On 29/11/2019 00:25, Ming Lei wrote:
On Wed, Nov 27, 2019 at 06:02:54PM +0100, Hannes Reinecke wrote:
On 11/26/19 4:54 PM, Ming Lei wrote:
On Tue, Nov 26, 2019 at 12:27:50PM +0100, Hannes Reinecke wrote:
On 11/26/19 12:05 PM, Ming Lei wrote:
[ .. ]
From performance viewpoint, all hctx belonging to this request queue should
share one scheduler tagset in case of BLK_MQ_F_TAG_HCTX_SHARED, cause
driver tag queue depth isn't changed.
Hmm. Now you get me confused.
In an earlier mail you said:
This kind of sharing is wrong, sched tags should be request
queue wide instead of tagset wide, and each request queue has
its own & independent scheduler queue.
as in v2 we _had_ shared scheduler tags, too.
Did I misread your comment above?
Yes, what I meant is that we can't share sched tags in tagset wide.
Now I mean we should share sched tags among all hctxs in same request
queue, and I believe I have described it clearly.
I wonder if this makes a big difference; in the end, scheduler tags are
primarily there to allow the scheduler to queue more requests, and
potentially merge them. These tags are later converted into 'real' ones via
blk_mq_get_driver_tag(), and only then the resource limitation takes hold.
Wouldn't it be sufficient to look at the number of outstanding commands per
queue when getting a scheduler tag, and not having to implement yet another
bitmap?
Firstly too much((nr_hw_queues - 1) times) memory is wasted.
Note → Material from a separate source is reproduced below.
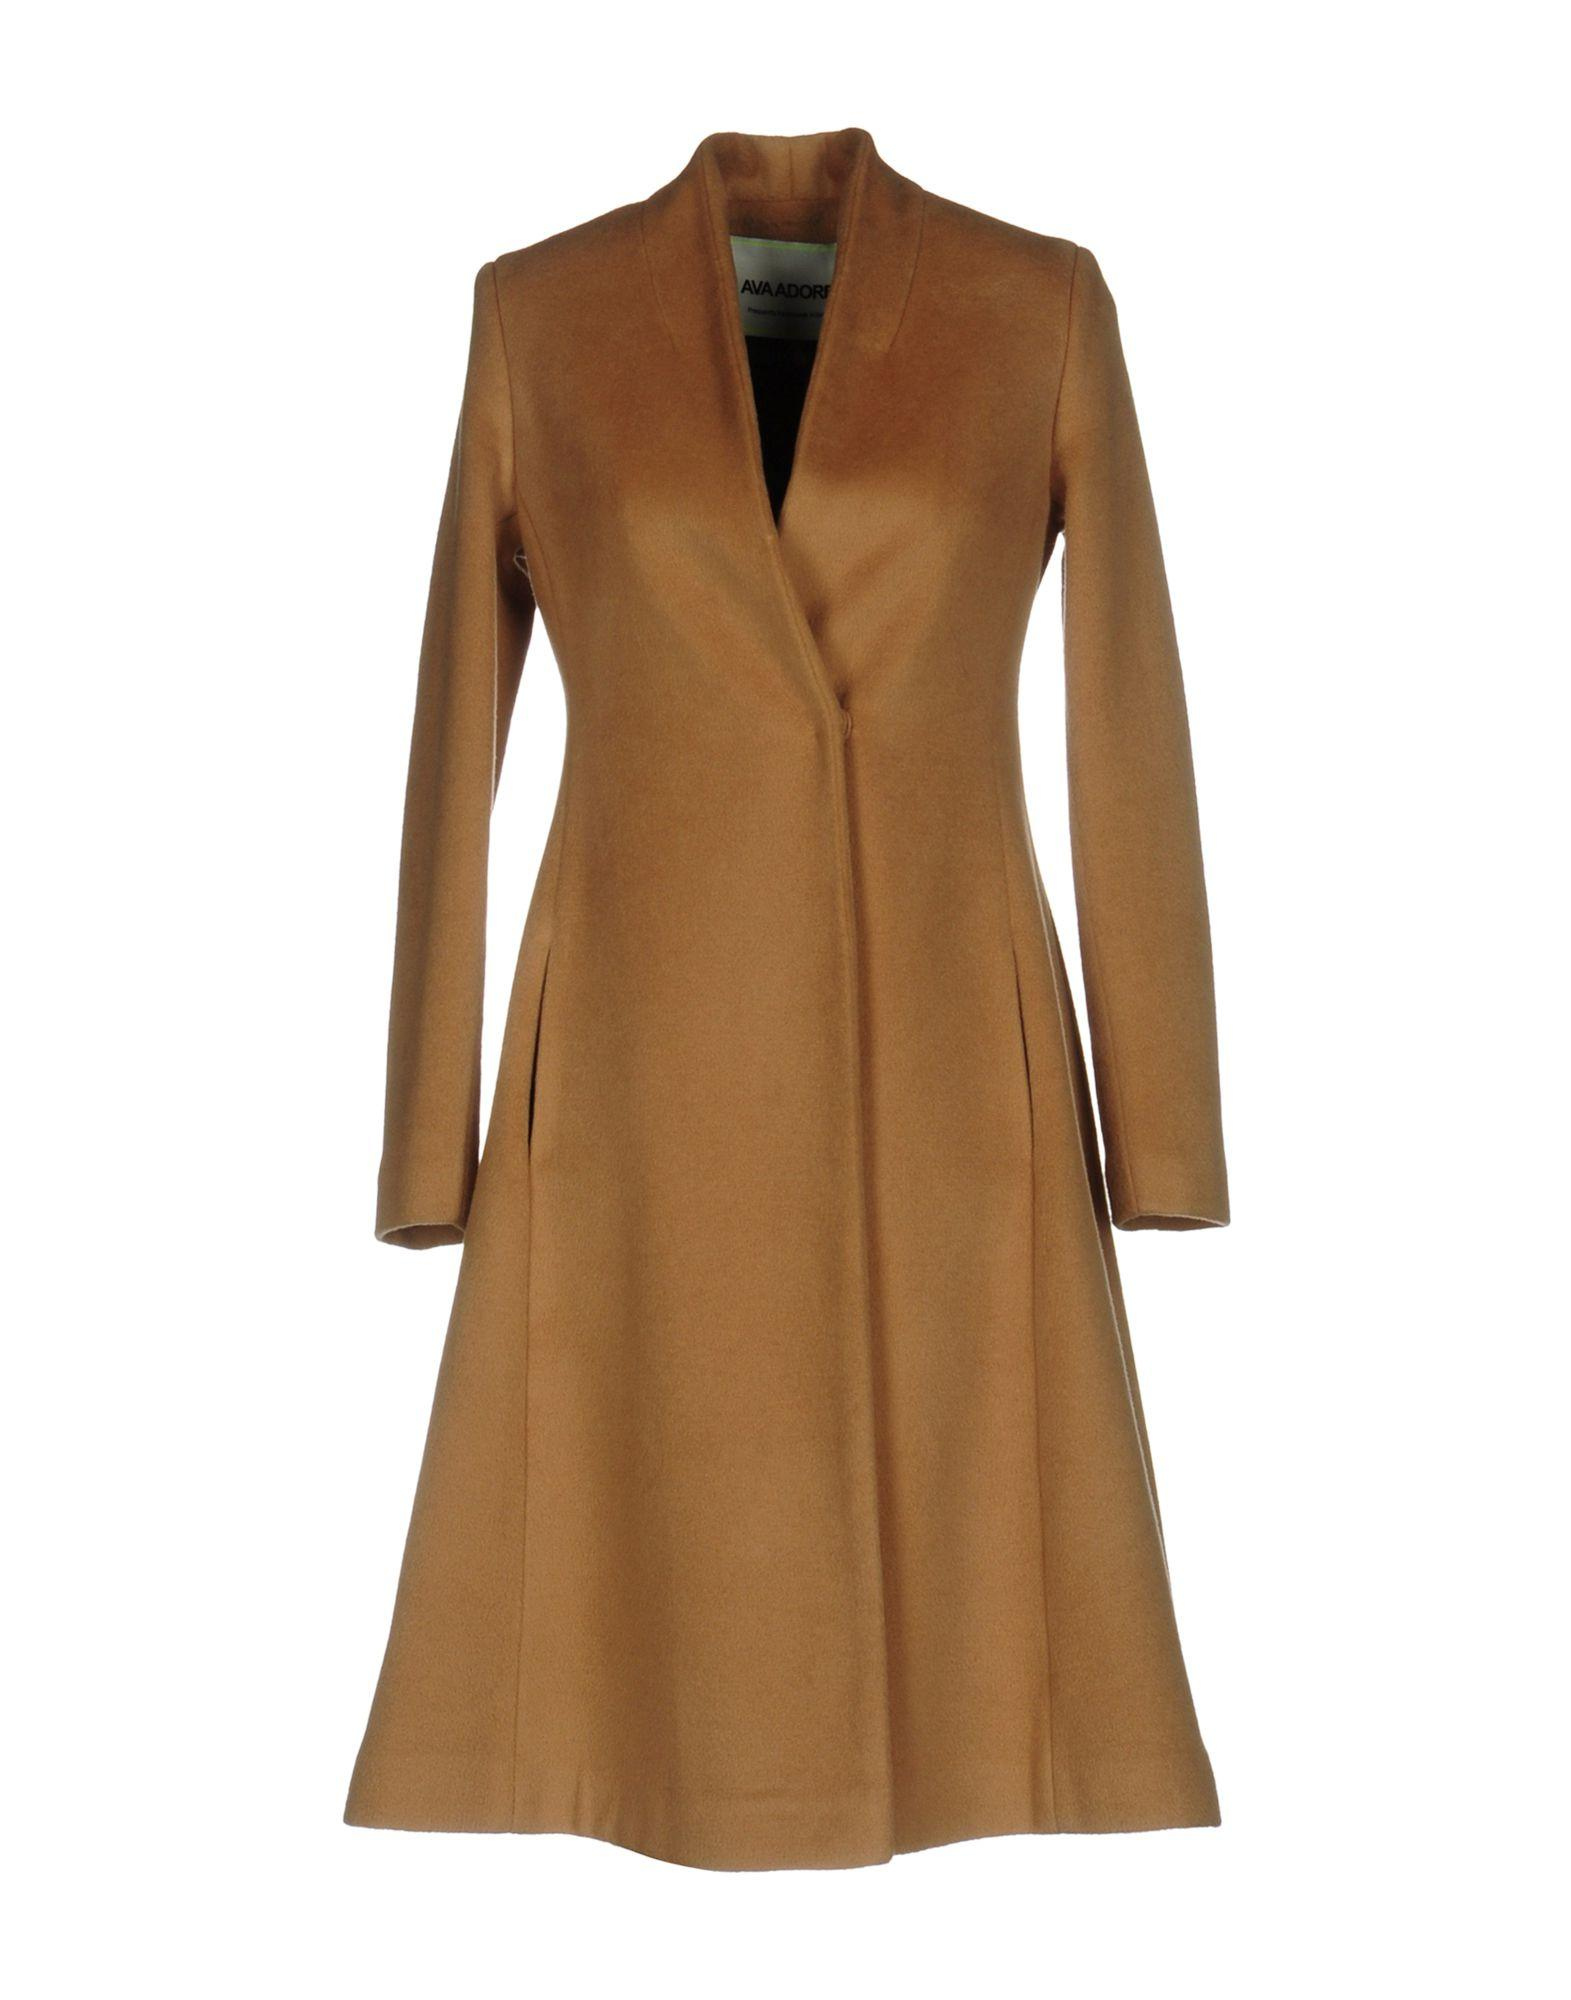 Ava Adore Coat In Khaki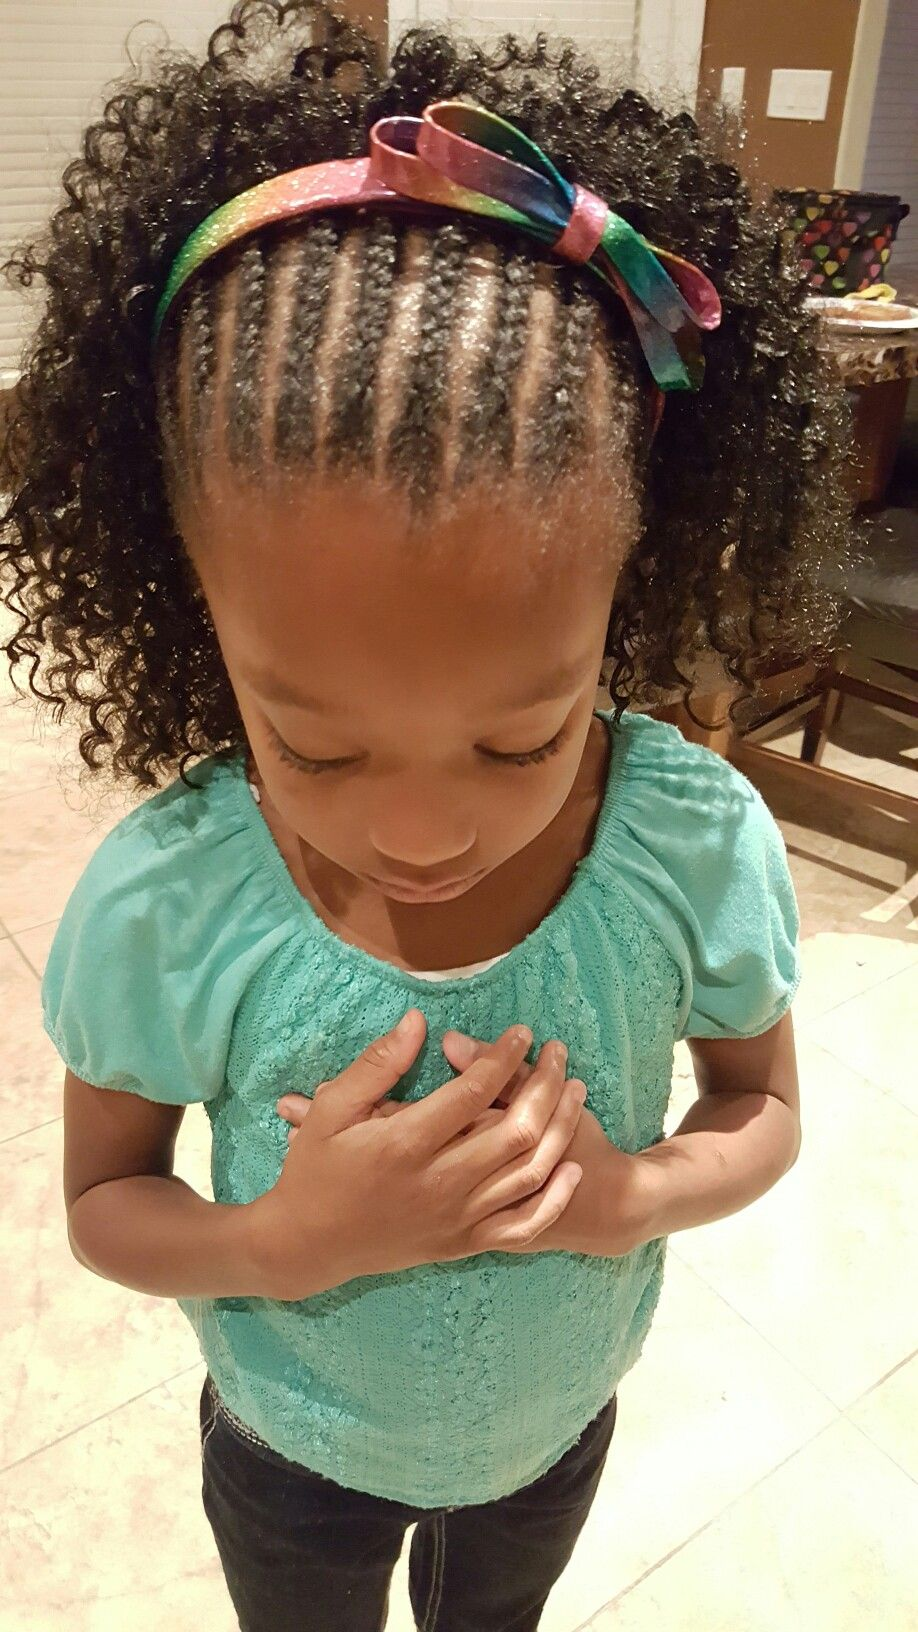 Crochet braids for little girls | crochet styles for little girls | Pinterest | Crochet braid ...

Secondly IO
latency could be increased by too deep scheduler queue depth. Finally CPU
could be wasted in the retrying of running busy hw queue.
Wrt. driver tags, this patch may be worse, given the average limit for
each LUN is reduced by (nr_hw_queues) times, see hctx_may_queue().
Another change is bt_wait_ptr(). Before your patches, there is single
.wait_index, now the number of .wait_index is changed to nr_hw_queues.
Also the run queue number is increased a lot in SCSI's IO completion, see
scsi_end_request().
Kashyap Desai has performance benchmark on fast megaraid SSD, and you can
ask him to provide performance data for this patches.
On v2 series (which is effectively same as this one [it would be nice if
we had per-patch versioning]), for hisi_sas_v3_hw we get about same
performance as when we use the reply_map, about 3.0M IOPS vs 3.1M IOPS,
respectively.
Without this, we get 700/800K IOPS. I don't know why the performance is
so poor without. Only CPU0 serves the completion interrupts, which could
explain it, but v2 hw can get > 800K IOPS with only 6x SSDs.
Thanks,
John